[PROVIDED MATERIAL]:

========

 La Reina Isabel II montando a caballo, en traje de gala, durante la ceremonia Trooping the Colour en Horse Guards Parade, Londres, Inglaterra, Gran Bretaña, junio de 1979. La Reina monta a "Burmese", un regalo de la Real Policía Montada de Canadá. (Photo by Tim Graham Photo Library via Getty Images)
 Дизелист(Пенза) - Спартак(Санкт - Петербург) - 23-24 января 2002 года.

========

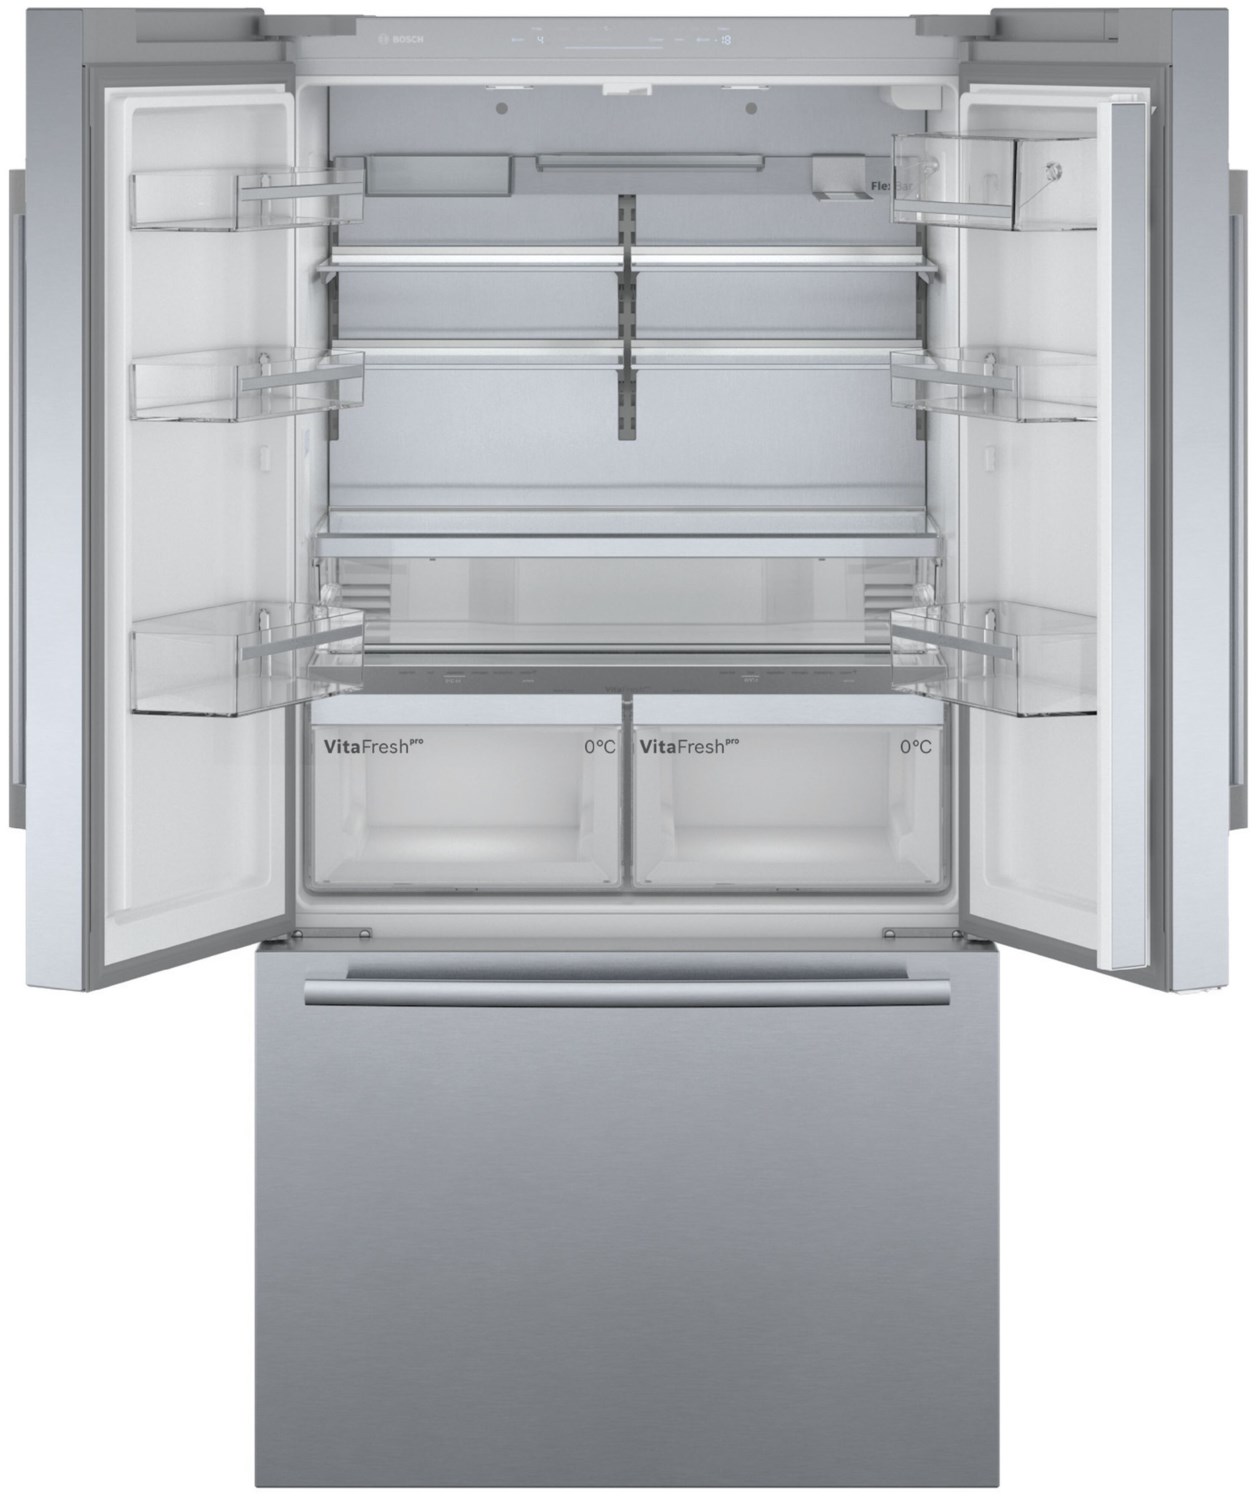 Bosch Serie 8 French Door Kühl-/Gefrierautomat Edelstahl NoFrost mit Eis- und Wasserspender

========

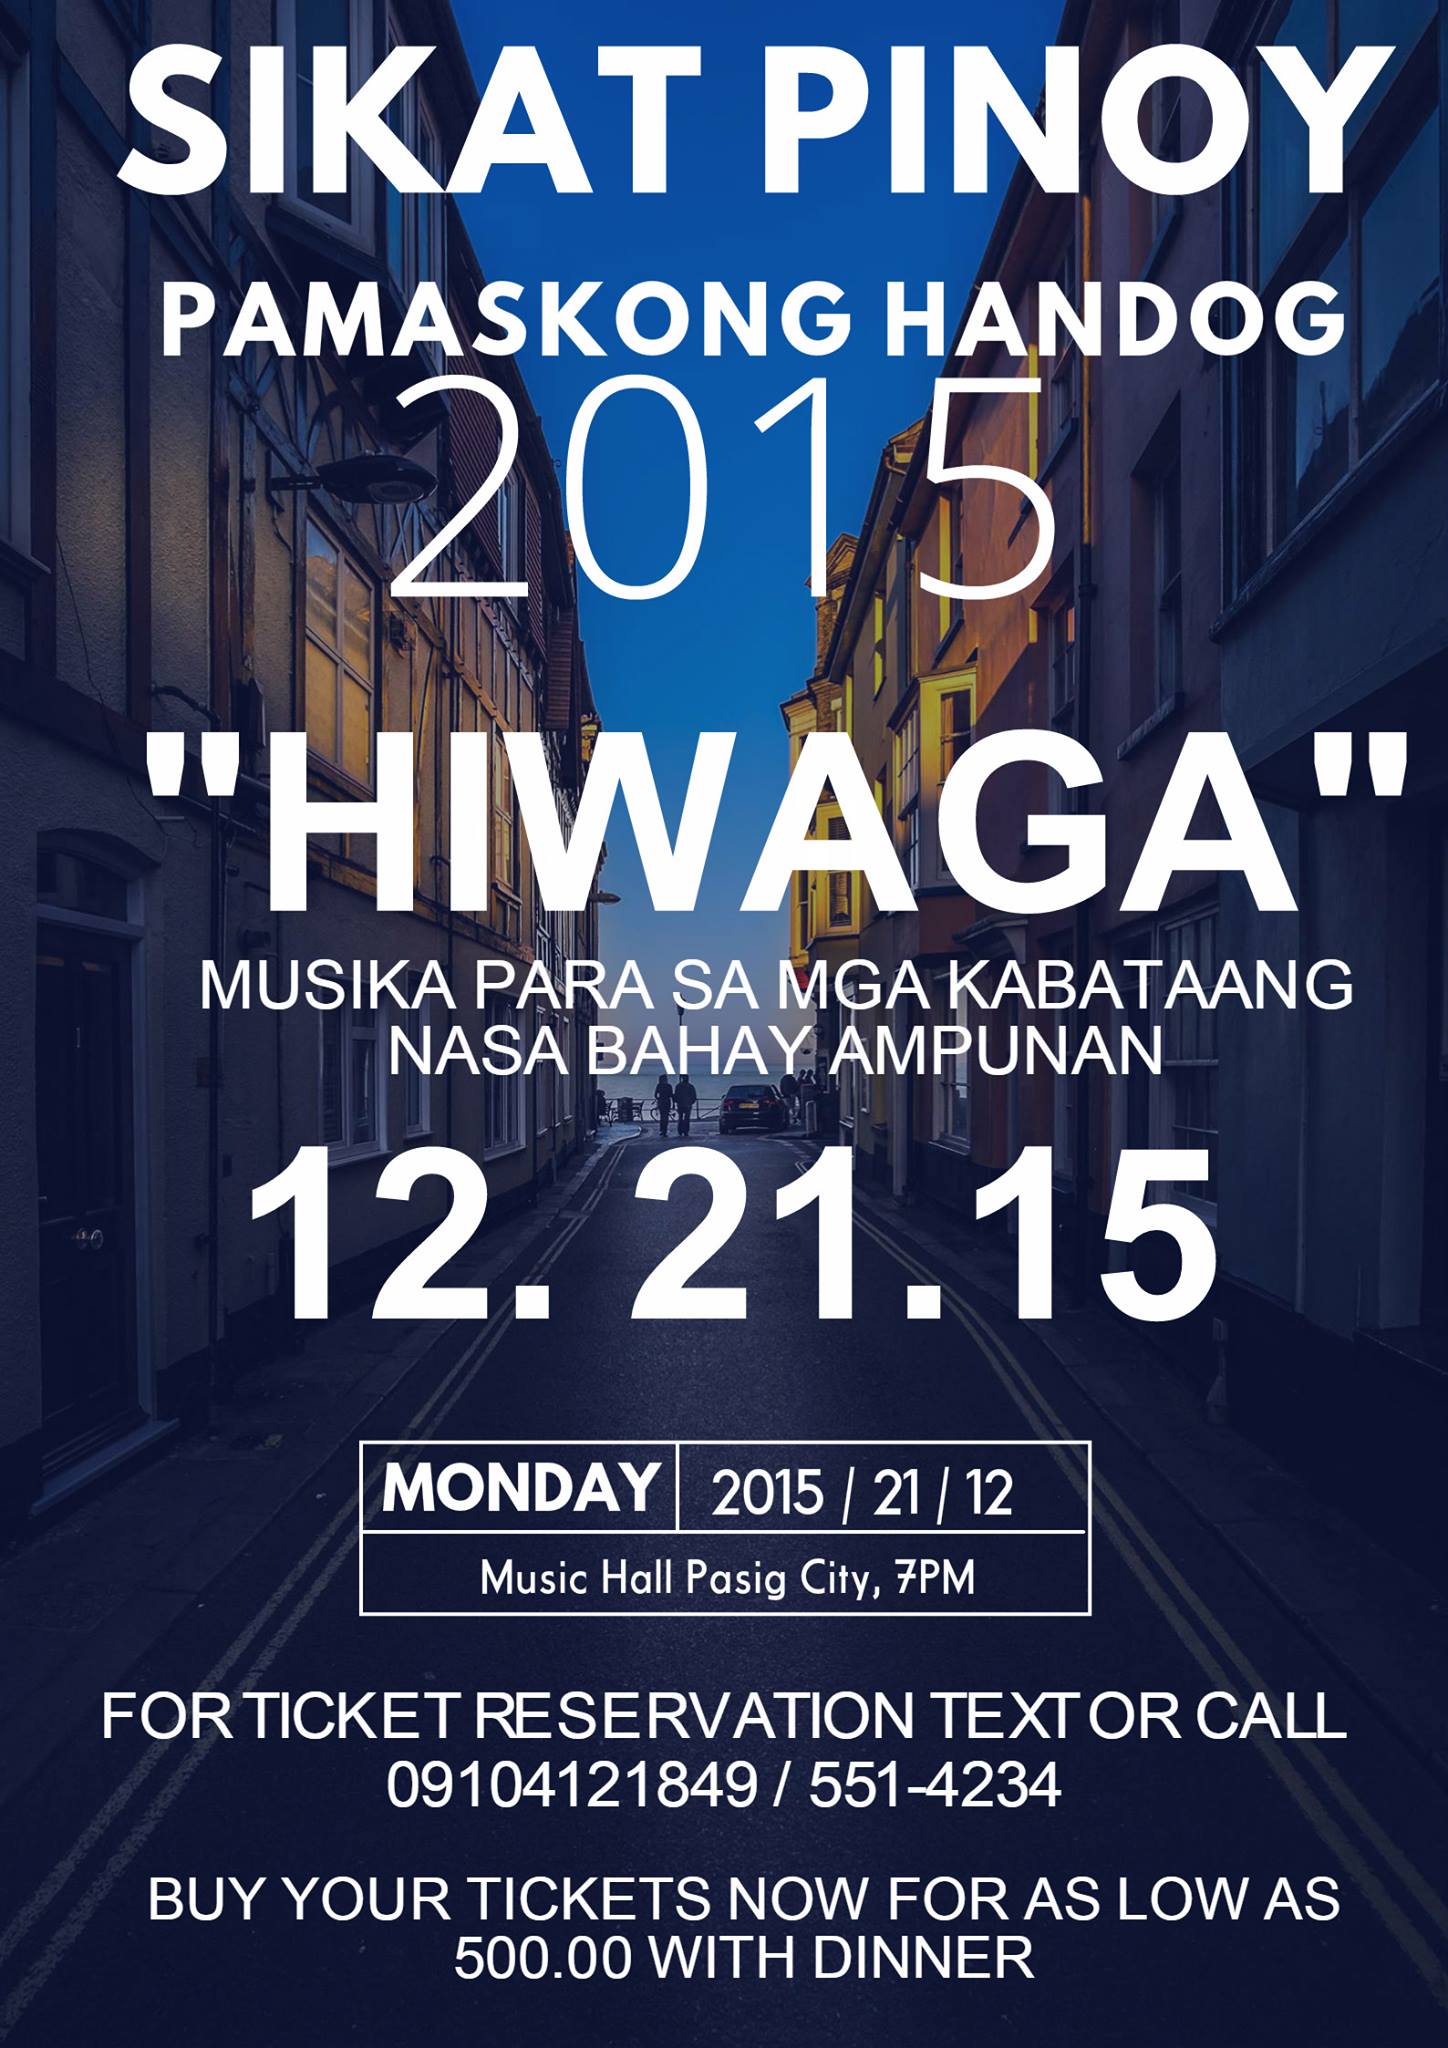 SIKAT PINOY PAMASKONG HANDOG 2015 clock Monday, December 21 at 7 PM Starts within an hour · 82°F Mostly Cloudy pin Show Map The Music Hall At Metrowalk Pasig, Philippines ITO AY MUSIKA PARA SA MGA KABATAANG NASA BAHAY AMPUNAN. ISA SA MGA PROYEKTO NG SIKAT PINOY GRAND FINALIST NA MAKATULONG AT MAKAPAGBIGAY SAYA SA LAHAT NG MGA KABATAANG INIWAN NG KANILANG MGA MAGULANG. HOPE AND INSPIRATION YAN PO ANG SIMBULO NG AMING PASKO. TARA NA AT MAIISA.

========

[TRY IT]:
Write out only the lines that run from the line containing "La Reina Isabel" through the line containing "Дизелист(Пенза) - Спартак(Санкт", both included, exactly as they appear above.

[WRITTEN RESPONSE]:
 La Reina Isabel II montando a caballo, en traje de gala, durante la ceremonia Trooping the Colour en Horse Guards Parade, Londres, Inglaterra, Gran Bretaña, junio de 1979. La Reina monta a "Burmese", un regalo de la Real Policía Montada de Canadá. (Photo by Tim Graham Photo Library via Getty Images)
 Дизелист(Пенза) - Спартак(Санкт - Петербург) - 23-24 января 2002 года.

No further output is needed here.